Chercheuse : 
Arseli, Dokumaci

Établissement : 
Université Concordia

Année de concours : 
2021-2022

La crise de la COVID-19 a introduit dans la vie de la population des problèmes auxquels font face depuis longtemps les personnes en situation de handicap: accès refusé à des lieux publics, mouvements restreints, gestion de mesures sanitaires, sentiment de solitude, précarité et autres. La réalité des personnes en situation de handicap est soudain devenue la réalité de tous. À l’ère de l’Anthropocène, où les ressources de la planète diminuent rapidement, d’autres crises mondiales sont à prévoir, ce qui renforce l’urgence de trouver des « façons de vivre sur une planète endommagée ». En m’appuyant sur les travaux d’études et le militantisme en faveur des personnes en situation de handicap, je soutiens que ces personnes ont beaucoup à apprendre au reste du monde, puisqu’elles maîtrisent depuis longtemps l’art de vivre dans des environnements de plus en plus petits offrant moins de perspectives d’action. Je pose les questions suivantes: Pourquoi ne pas demander aux personnes en situation de handicap de nous expliquer comment vivre avec une quantité limitée de ressources ? Comment les communautés en situation de handicap tissent-elles des liens et continuent-elles de prospérer contre toute attente ? Comment pouvons-nous utiliser leurs techniques de survie pour orienter la reconstruction de nos sociétés dans un contexte de pandémie et de catastrophe climatique ?

Depuis longtemps, les personnes en situation de handicap doivent faire preuve de débrouillardise pour bâtir le monde accessible que la société néglige de leur offrir. Les personnes handicapées et les militants pour les droits des personnes handicapées créent des accès collectifs et des coopératives de soins afin de répondre à leurs besoins non comblés. Ils improvisent des possibilités d’action à partir de ce qu’ils perçoivent et développent une technoscience de l’invalidité qui bouleverse le design normatif. Ce vaste corpus de connaissances est extrêmement pertinent pour répondre aux besoins de notre monde radicalement changé. Et pourtant, très peu de recherche a été faite pour analyser systématiquement la pertinence des techniques de survie et de la créativité des personnes en situation de handicap en fonction des nouvelles conditions de vie de l’Anthropocène. Mon projet vise précisément à combler cette lacune. En suivant un procédé ethnographique visuel communautaire novateur, je vais recueillir, analyser et partager les techniques de survie et l’expertise des personnes en situation de handicap et chercherai à les appliquer aux conditions de vie durant une catastrophe climatique.
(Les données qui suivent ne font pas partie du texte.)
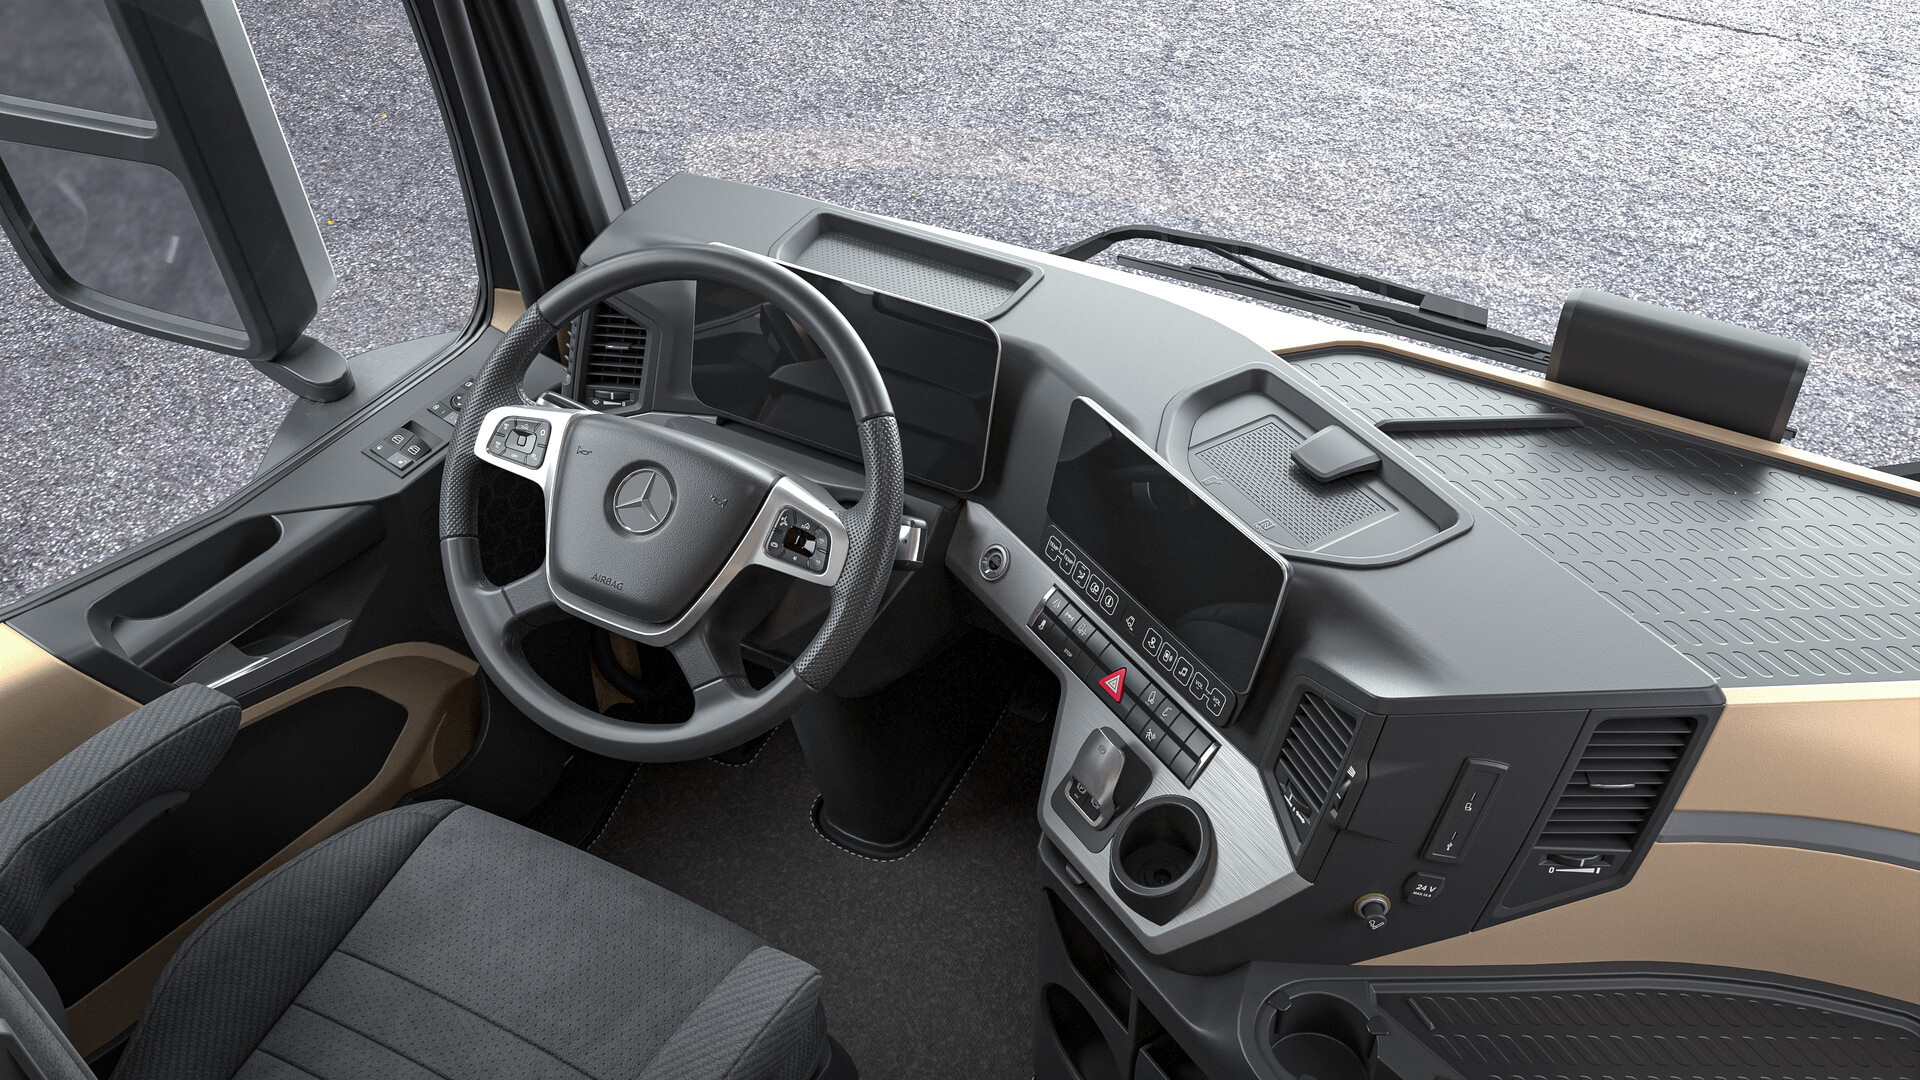 ArtStation - Mercedes Benz Actros L GigaSpace MP5 with Interior

Mon projet offrira une piste d’action attendue depuis longtemps pour la justice environnementale et la recherche sur l’Anthropocène, et d’éclairer d’autres disciplines, comme le design, l’urbanisme et les sciences humaines de l’environnement. Les données recueillies seront une source unique que les responsables de l’élaboration des politiques, les secteurs à but lucratif et sans but lucratif et d’autres intervenants pourront utiliser pour adapter leurs activités dans le contexte de la pandémie. Ce projet éveillera le public à la réalité des personnes en situation de handicap en faisant voir leurs handicaps autrement que comme des défauts ou des tragédies et en présentant ces personnes comme des experts et des créateurs à part entière.